After a back-and-forth with Brodsky about what Peterson would and would not be allowed to comment on, Lauer finally got to ask Peterson a question.

“Mr. Peterson, are you upset to learn that she may have been murdered?” he asked.

“Yes, I am upset to hear something like that. Very much so,” Peterson said.

Brodsky took issue with Baden’s statement on another program that people rarely die in bathtub accidents, saying statistically it is quite common.

“We do disagree with his finding. The first autopsy, from what I understand, was very thorough. They concluded it was an accident,” Brodsky said.

‘Walking a fine line’
Noting that Brodsky was continuously blocking questions intended for Peterson, Lauer appeared a bit frustrated but was determined to get answers from him.

“It appears now that I’m going to be walking a fine line between what you want to tell me, Mr. Brodsky, and what Mr. Peterson is allowed to tell me,” Lauer said.

Peterson did say that there is clearly animosity between himself and his second wife, Vicki Connelly, but he was not aware of it until she spoke to the “Chicago Tribune.” Connelly said Peterson, who resigned last week from the Bolingbrook, Ill., police department, told her he could kill her and make it look like an accident.

“He has the experience, the knowledge, the means and the mind to do that,” Connelly told the newspaper.

Asked about the comment, Peterson said only, “I thought we were friends.”

Brodsky would not allow Peterson to confirm or deny the comment.

“People that are divorced are always making accusations and comments about each other. This is simply a comment by someone who went through a divorce with Mr. Peterson,” the lawyer said.

‘Kids need a mom’
Peterson, who is not charged with any crime, repeated his public plea last week for Stacy Peterson to return home to care for the couple’s two young children. He continues to believe that she ran off with another man, leaving him to answer questions about her strange and sudden disappearance.

“Are you worried about her, Mr. Peterson?” Lauer asked.

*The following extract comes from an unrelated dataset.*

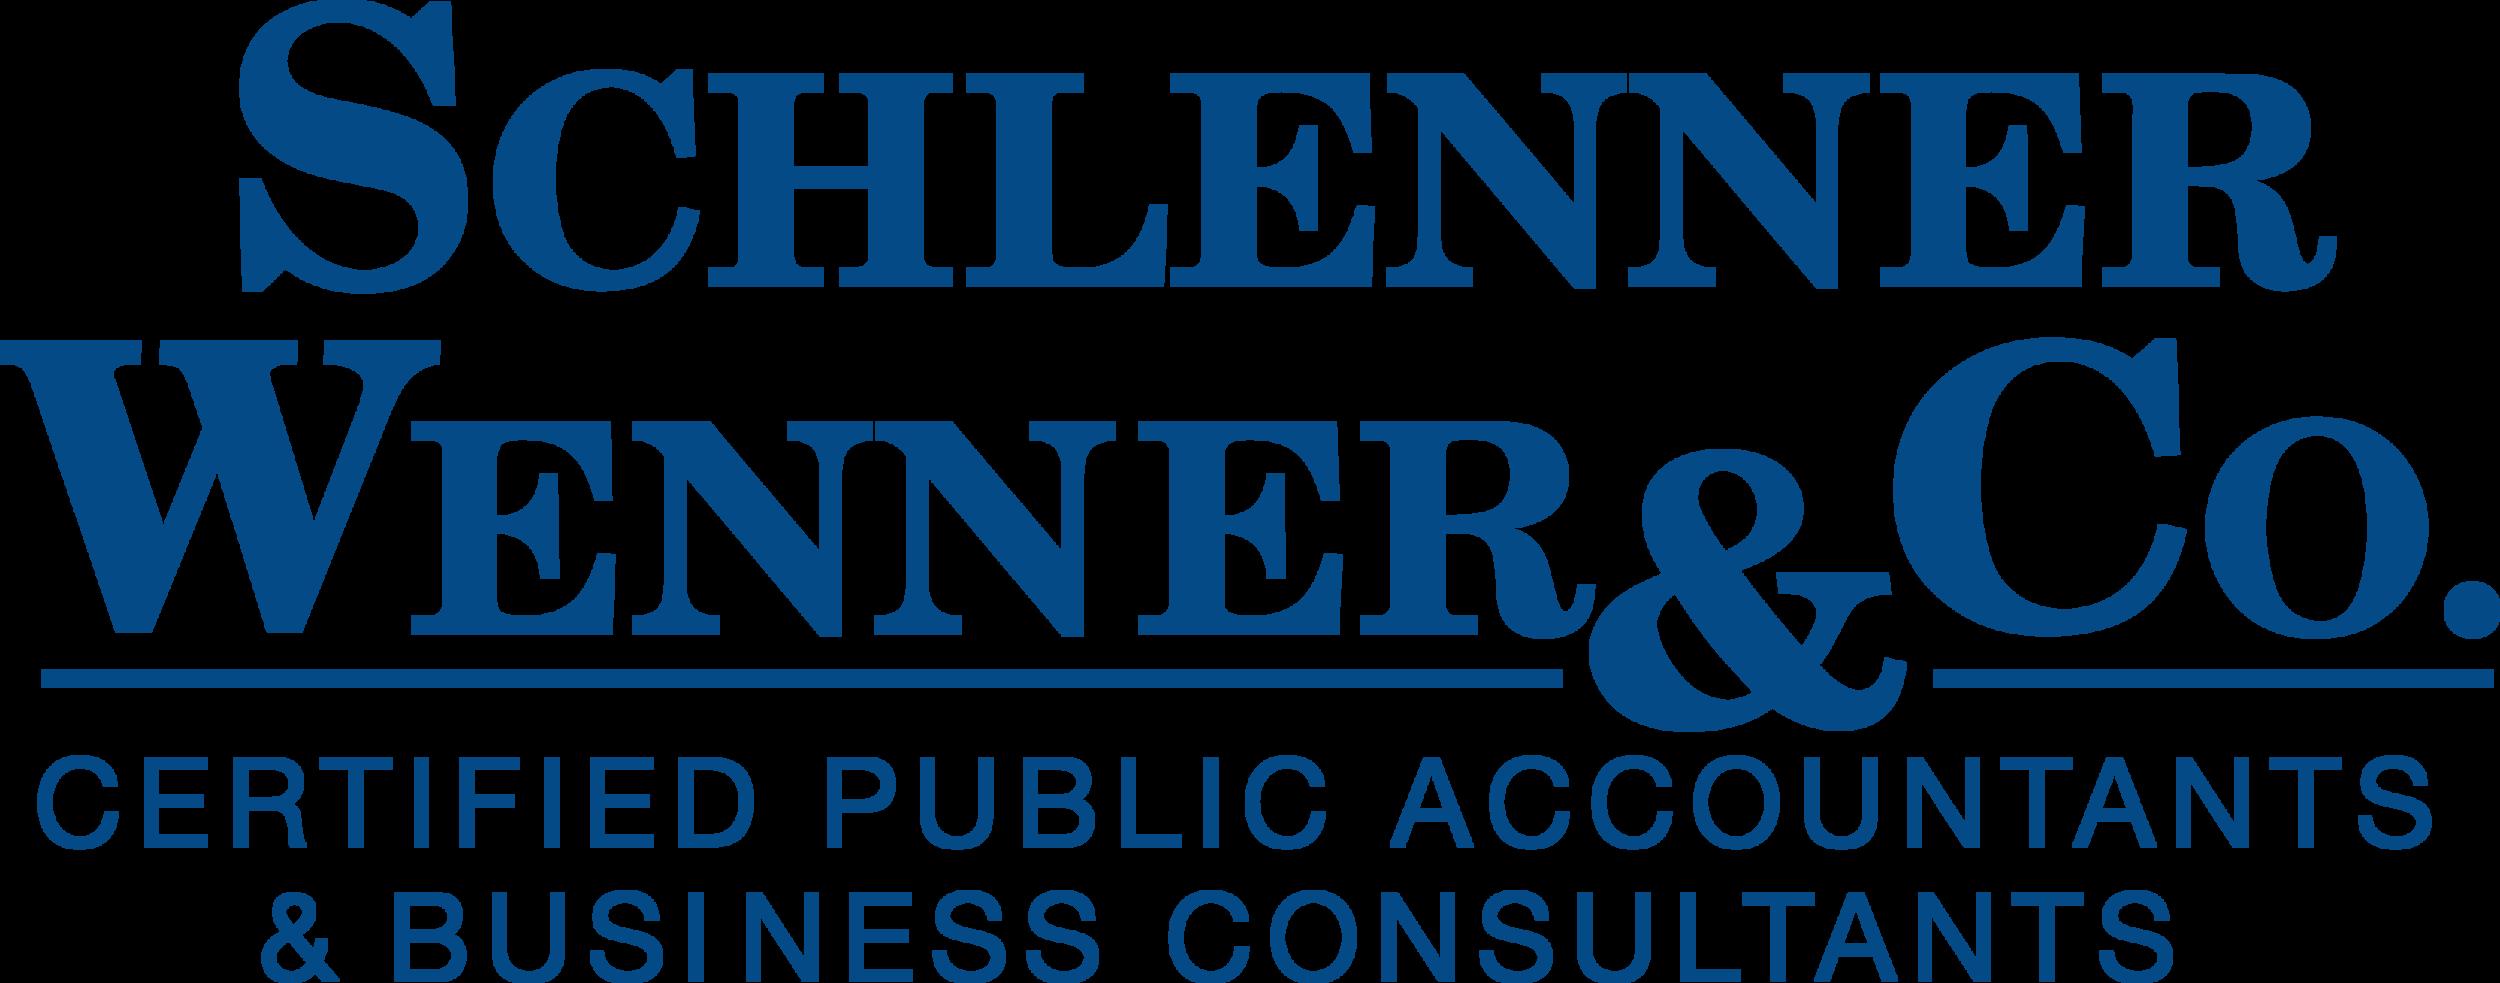 Schlenner Wenner & Co.png

“Of course,” he replied. “Your wife leaves and I have kids at home, you are very much worried about her.”

“Although you think she is with another man, are you worried that she may never come back to be a mother to these children?” Lauer pressed, after wrestling with Peterson’s lawyer again to find a question he could answer.

“Yes, I am,” Peterson said.

“Kids need a mom … Basically, I’d like to have her publicly show herself now and clear all of this up.”

A county coroner’s report on the second autopsy of Kathleen Savio’s body is expected to be finalized in late December. Baden, the former chief medical examiner for New York City, has said publicly that his examination of Savio’s body on Friday leads him to conclude that she struggled with her killer and that the scene was staged to look like an accidental drowning.

“I’m convinced she was the victim of a murder. ‘Who done it’ is up to the police to resolve,” Baden told the Associated Press.

Attorneys, as a rule, do not like targets of criminal investigations to give interviews at all. Peterson, however, has said that he has been speaking to NBC News, in part, to get the media to stop camping outside of his home. But he does so at his own peril.

If he is charged, his public statements about the disappearance of Stacy Peterson, Savio’s death and his rocky relationship with both women could be used to impeach his credibility if he were to testify differently at a trial.